Peter Kennard review – a thrillingly grotesque montage of modern times

This article is more than 9 years old

Imperial War Museum, London
A gas-masked globe, a skeleton with a mushroom-cloud head … this new exhibition of Kennard’s violent political cut-ups is brave, brazen – and shows the truth behind the bright shining lies of war

War is an infernal engine of art. In the 20th century, it caused artists to lose all faith in form, beauty – those old civilised lies that sent young men to die. In 1916 in Zurich, as a generation went to its slaughter, the Cabaret Voltaire was founded and Dada began – a furious attack on meaning and coherence. In Berlin at the end of the first world war, this movement gave rise to shocking cut-up images of faces, bodies and society blown into fragments. The collages of George Grosz, Hannah Höch and John Heartfield are the counterblast to all the patriotic posters of the great war – and to 21st-century attempts to sentimentalise its memory.

Peter Kennard is a living hero of pacifist photomontage. Not only has Kennard been denouncing war for more than four decades, but he does it using a style of photomontage directly descended from Höch’s Cut With the Kitchen Knife Through the Last Weimar Beer-Belly Cultural Epoch of Germany and Heartfield’s Adolf, the Superman, Swallows Gold and Spouts Crap.

Earth Oil Explosion (1985) by Peter Kennard Photograph: Peter Kennard

The Imperial War Museum, in London, has done a brave thing in putting on an exhibition of pacifist art just as we mark another reverent anniversary of the 20th-century wars this museum so vividly documents. Kennard has been protesting since the era of the Vietnam war, and he’s still at it. His Photoshopped image of Tony Blair taking an Iraq war selfie – created in collaboration with Cat Phillipps – is not in this exhibition, but his poster for Stop the War is. It is a gas-masked globe with a mouth full of missiles – a jagged, violent photomontage typical of Kennard’s direct and dirty political cut-ups.

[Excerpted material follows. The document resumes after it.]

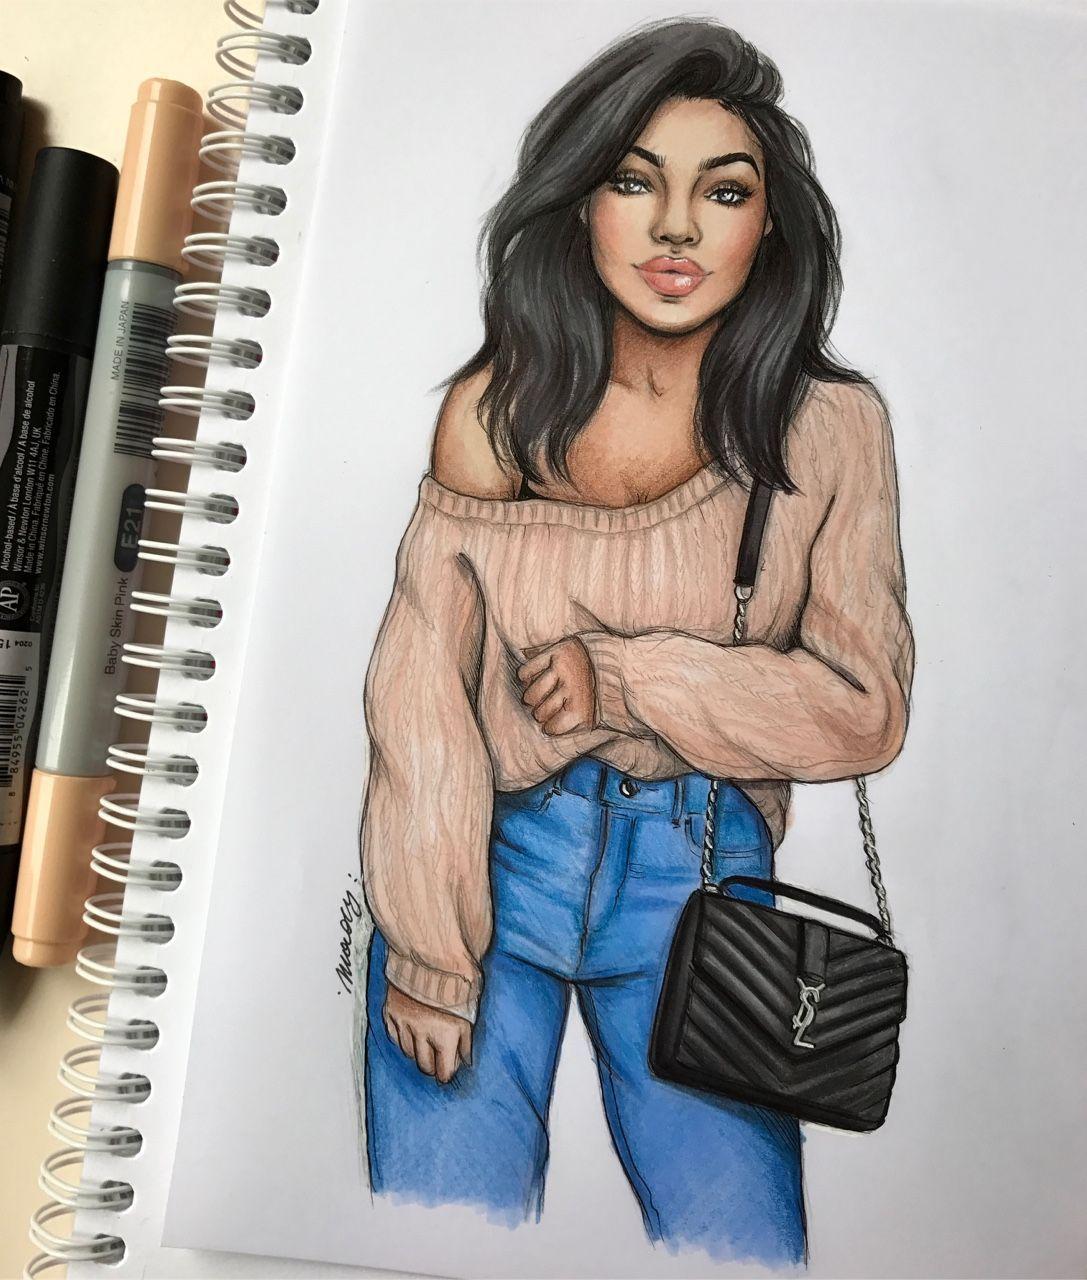 Epingle Par Sabeauty Sur Girl Drawing En 2020 Dessin Vetement

In the 1980s, every radical student – including me – owned a postcard of Kennard’s Greenham Common artwork that wittily restages John Constable’s painting The Hay Wain. In Kennard’s version of this supreme image of British rural calm, the wain crossing the gentle mill stream is loaded with cruise missiles. (John Heartfield would have loved that one, just as he would have admired Kennard’s skeleton with a mushroom cloud for a head.)

In the 80s, Kennard’s photomontages were regularly published in the Guardian. It seems unlikely such politicised, anti-realist images could be used in the same way now, because Photoshop has caused new anxieties about truth in photography. Photoshopped montages look too real – they would pollute news pages with visual fiction. The beauty of traditional scissors-and-glue photomontage as practised by Kennard is precisely that it does not look real – it looks like art. This Brechtian quality of alienation makes it immediately recognisable as a satirical comment or dark fantasy, rather than reportage. This richly subjective quality makes him a fascinating and important artist.

Kennard may not have stopped any wars, but he brings a blast of protest to the Imperial War Museum, where real weapons loom in the main hall like a grotesque montage of the nightmares of modern times. In the age of war, the artist has a duty to show the truth behind the bright shining lie. Kennard has done Dada proud.